On 3 September 2017 at noon, local time, North Korea conducted its sixth nuclear explosion at the Punggye-ri Nuclear Test site. The magnitude of the explosion, as measured by seismic stations around the world, was an order of magnitude larger than past tests. The CTBTO estimates the size of the explosion, using the magnitude moment scale, at 6.07. The explosion was powerful enough that a secondary seismic event was detected, probably related to a collapse of the cavity created by the nuclear explosion.

While seismic signals can tell us about the size of the explosion, determining the location of the explosion is much more difficult.  It is, however, possible to use Synthetic Aperture Radar (SAR) satellites to observe environmental changes as a result of this explosion and to locate where the explosion may have occurred.  Radar satellite imagery, collected by the TerraSAR-X satellite, reveals a major ground disturbance and subsidence of the peak of Mount Mantap.  This suggests that the explosion occurred within the tunnel complex at Mount Mantap, where North Korea also conducted its most recent four nuclear tests in 2009, 2013 and 2016.

North Korea’s nuclear test site comprises a number of tunnel complexes in mountains surrounding a main support area. Following an initial nuclear explosion in 2006, subsequent nuclear tests have been conducted in a tunnel complex to the North of the support area, under Mt. Mantap. The site contains additional tunnel complexes that may be suitable for nuclear explosions to the south and west of the support area.
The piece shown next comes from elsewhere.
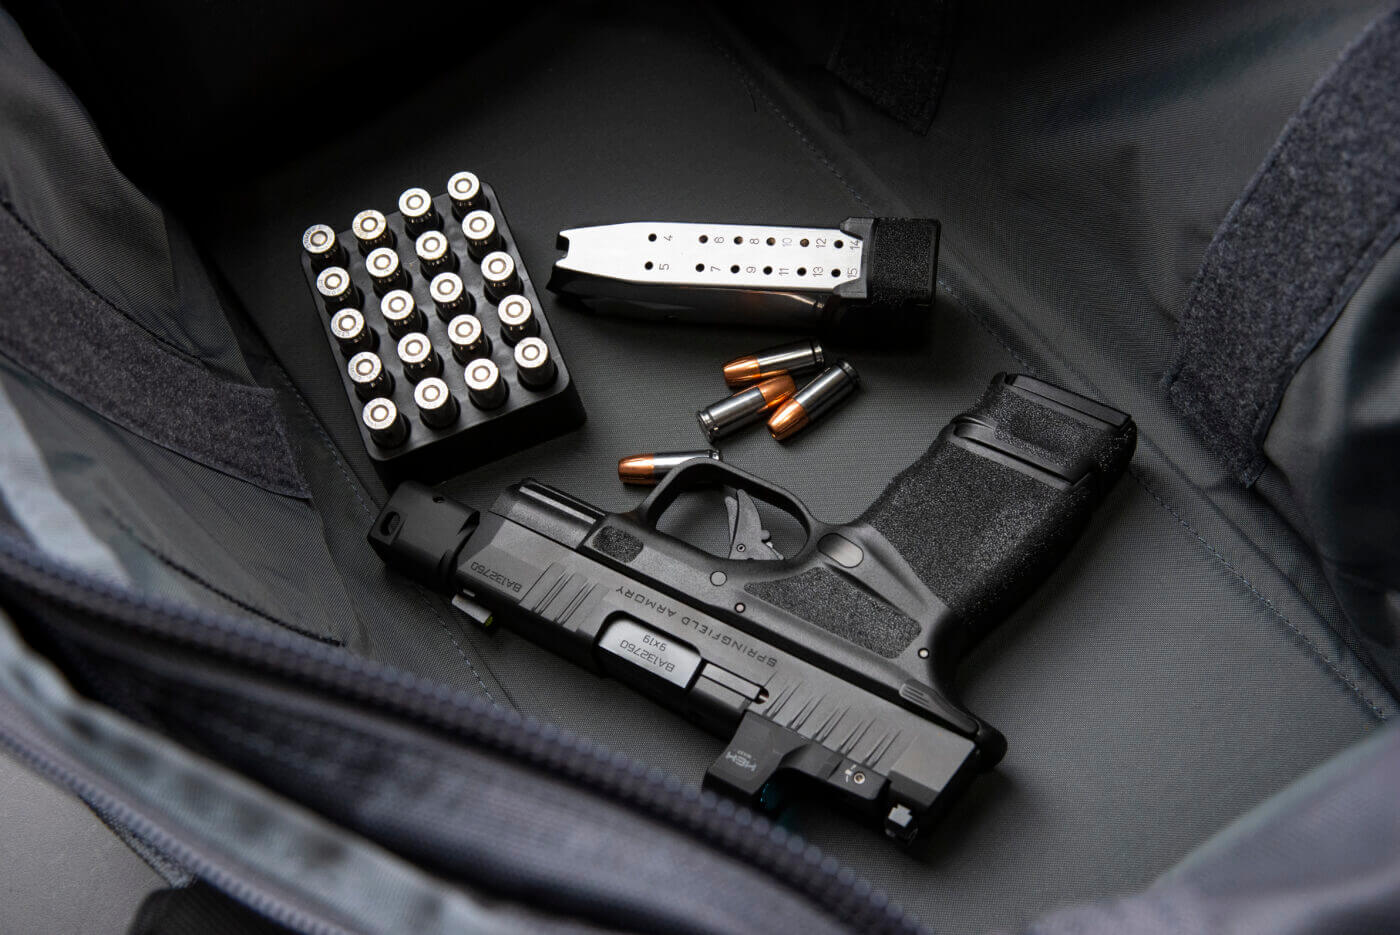 15-round magazine for the Springfield Armory Hellcat pistol

The Punggye-ri site is capable of hosting nuclear explosions in tunnels with yields of up to a few hundred kilotons.

Unlike conventional satellite imagery which measures visible light, radar satellites measures X-band microwaves, which can detect geo-precise surface changes when collected and processed together. The German TerraSAR-X satellite uses X-band microwaves with a 3.1 cm wavelength, which in this case, provides 1 meter spatial resolution of the targeted site, however, due to the short wavelength, does not penetrate trees and other vegetation enough to measure the exact earth subsidence.
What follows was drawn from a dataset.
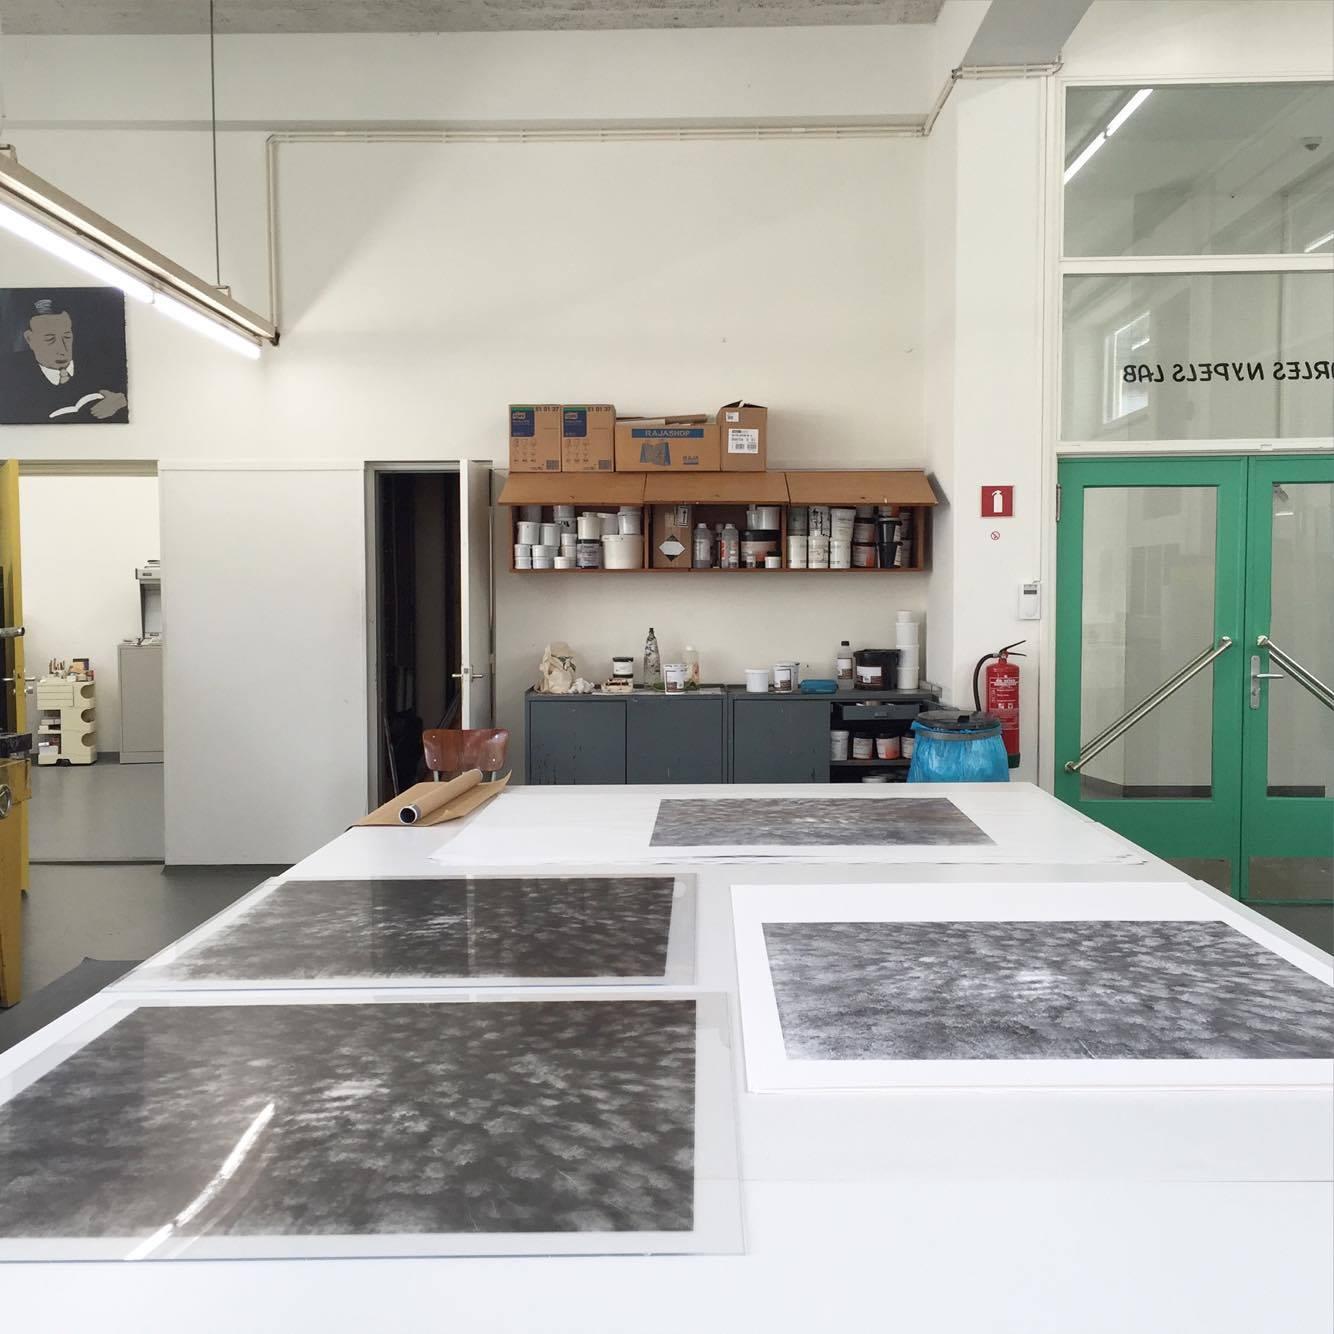 Black Mountain, Jan van Eyck Academie, 2016

Airbus, the owner of the commercial exploitation rights of the satellite, tasked TerraSAR-X to record imagery of North Korea’s nuclear test site at Punggye-ri before and after the 3 September nuclear test. The satellite imaged the nuclear test site from the same orbital position on differing dates resulting in a pair of geo-precise images from 26 August and 06 September 2017. Preliminary imagery interpretation concludes the peak itself of Mount Mantap has incurred a visible amount of subsidence; and over 85 acres of the southwest flank of the mountain was displaced by several meters.

Greyscale gif of two radar images from the ascending view of the sensor before and after the nuclear test. The movement in the northeast of the site indicates a loss of elevation on the surface of Mt. Mantap. Source: Airbus Defence and Space, © DLR e.V. 2017 and © Airbus Defence and Space GmbH 2017

The image pair was overlaid and compared; revealing significant changes at Mount Mantap’s peak elevation.  Prior to the test, Mount Mantap was 2,205 meters high; the mountain has since diminished in height. This subsidence suggests that North Korea conducted yet another test in the tunnel complex under Mt. Mantap despite excavation continuing on an additional tunnel complex to the west of the support area.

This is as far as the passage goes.